This identifies objects at t-1 that are actually continuations of objects from t-2 (but got different IDs due to partitioning) and renames them to maintain consistent IDs across timesteps.
- Parameters:
data_t_minus_2 (xr.DataArray) – Object field at timestep t-2
data_t_minus_1 (xr.DataArray) – Object field at timestep t-1 (will be modified)
object_props (xr.Dataset) – Object properties dataset (will be modified)
timestep (int) – Current timestep number for logging purposes
- Returns:
data_t_minus_1_consolidated (xr.DataArray) – Updated t-1 field with consolidated IDs
object_props_updated (xr.Dataset) – Updated object properties with merged/deleted objects
- Return type:
Notes
Uses self.overlap_threshold for determining consolidation eligibility
Updates object properties by recalculating for consolidated objects
Removes redundant child objects from object_props
- compute_id_time_dict(da, child_objects, max_objects, all_objects=True)[source]
Generate lookup table mapping object IDs to their time index.
- Parameters:
da (xarray.DataArray) – Field of object IDs
child_objects (list or array) – Object IDs to include in the dictionary
max_objects (int) – Maximum number of objects
all_objects (bool, default=True) – Whether to process all objects or just child_objects
- Returns:
time_index_map – Dictionary mapping object IDs to time indices
- Return type:
- track_objects(data_bin)[source]
Track objects through time to form events.
This is the main tracking method that handles splitting and merging of objects.
- Parameters:
data_bin (xarray.DataArray) – Preprocessed binary data: Field of globally unique integer IDs of each element in connected regions.
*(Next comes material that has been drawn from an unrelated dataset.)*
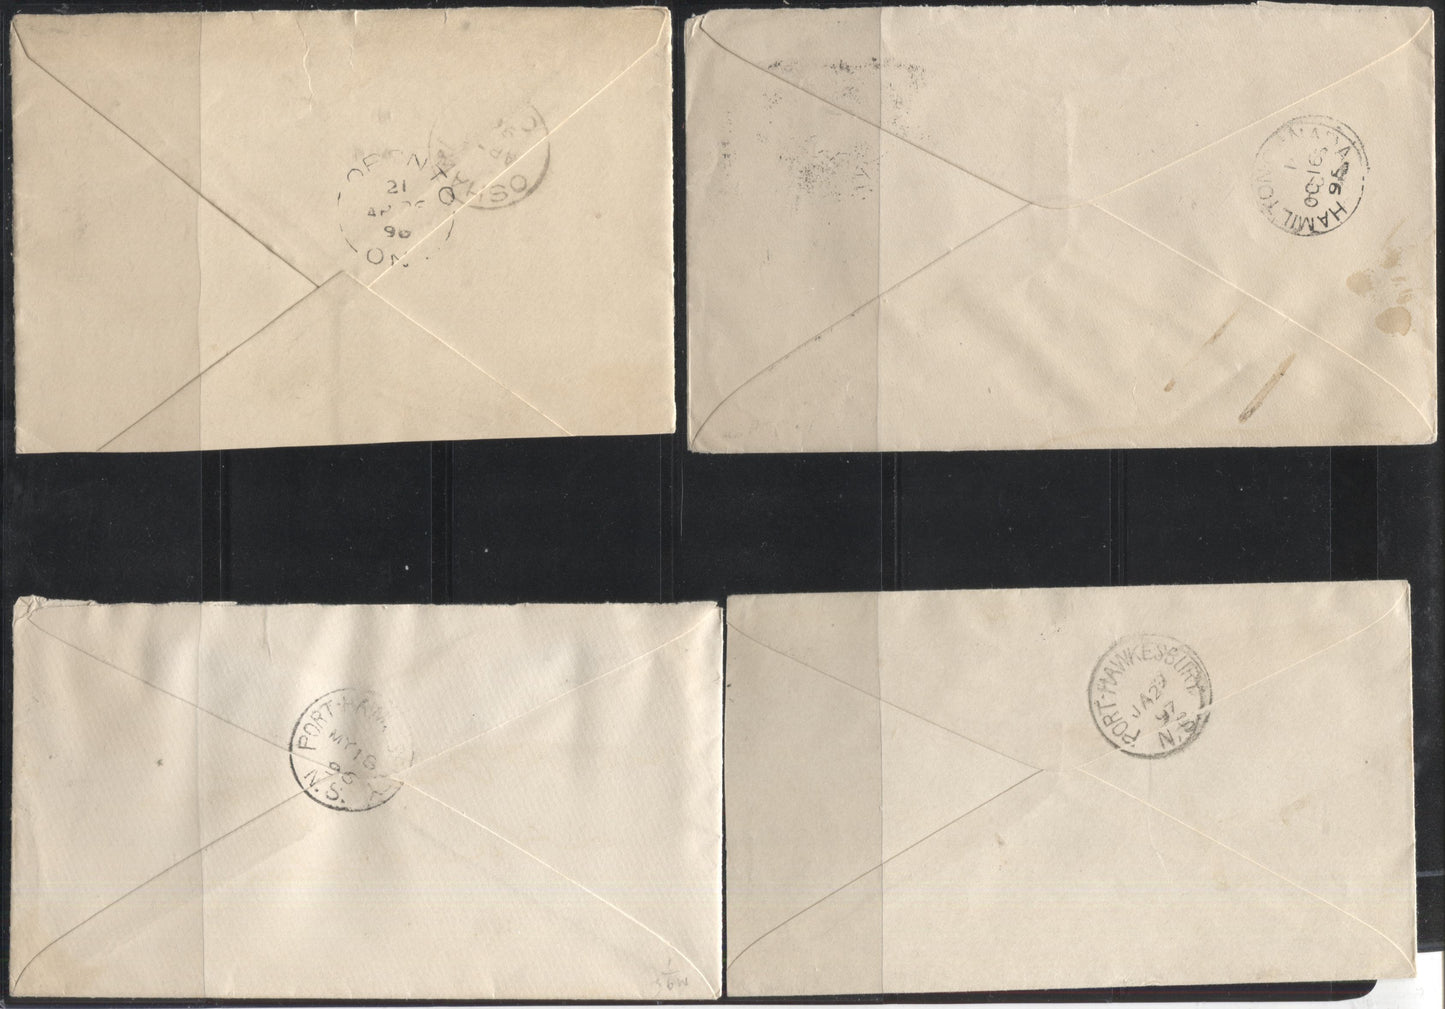 Lot 233 Canada #41 3c  Queen Victoria, 1870-1897 Small Queen Issue, Four Fine and VF Single Franking Covers, All Franked With Second Ottawa Printings

ID = 0 indicates no object.
- Returns:
split_merged_events_ds (xarray.Dataset) – Dataset containing tracked events
merge_events (xarray.Dataset) – Dataset with merge information
N_events (int) – Final number of events
- Return type:
- cluster_rename_objects_and_props(object_id_field_unique, object_props, overlap_objects_list, merge_events)[source]
Cluster the object pairs and relabel to determine final event IDs.
- Parameters:
object_id_field_unique (xarray.DataArray) – Field of unique object IDs. IDs must not be repeated across time.
object_props (xarray.Dataset) – Properties of each object that also need to be relabeled.
overlap_objects_list ((N x 2) numpy.ndarray) – Array of object ID pairs that indicate which objects are in the same event. The object in the first column precedes the second column in time.
merge_events (xarray.Dataset) – Information about merge events
- Returns:
split_merged_events_ds – Dataset with relabeled events and their properties. ID = 0 indicates no object.
- Return type:
- split_and_merge_objects(object_id_field_unique, object_props)[source]
Implement object splitting and merging logic.
This identifies and processes cases where objects split or merge over time, creating new object IDs as needed.
- Parameters:
object_id_field_unique (xarray.DataArray) – Field of unique object IDs. IDs are required to be monotonically increasing with time.
object_props (xarray.Dataset) – Properties of each object
- Returns:
(object_id_field, object_props, overlap_objects_list, merge_events)
- Return type:
- split_and_merge_objects_parallel(object_id_field_unique, object_props)[source]
Optimised parallel implementation of object splitting and merging.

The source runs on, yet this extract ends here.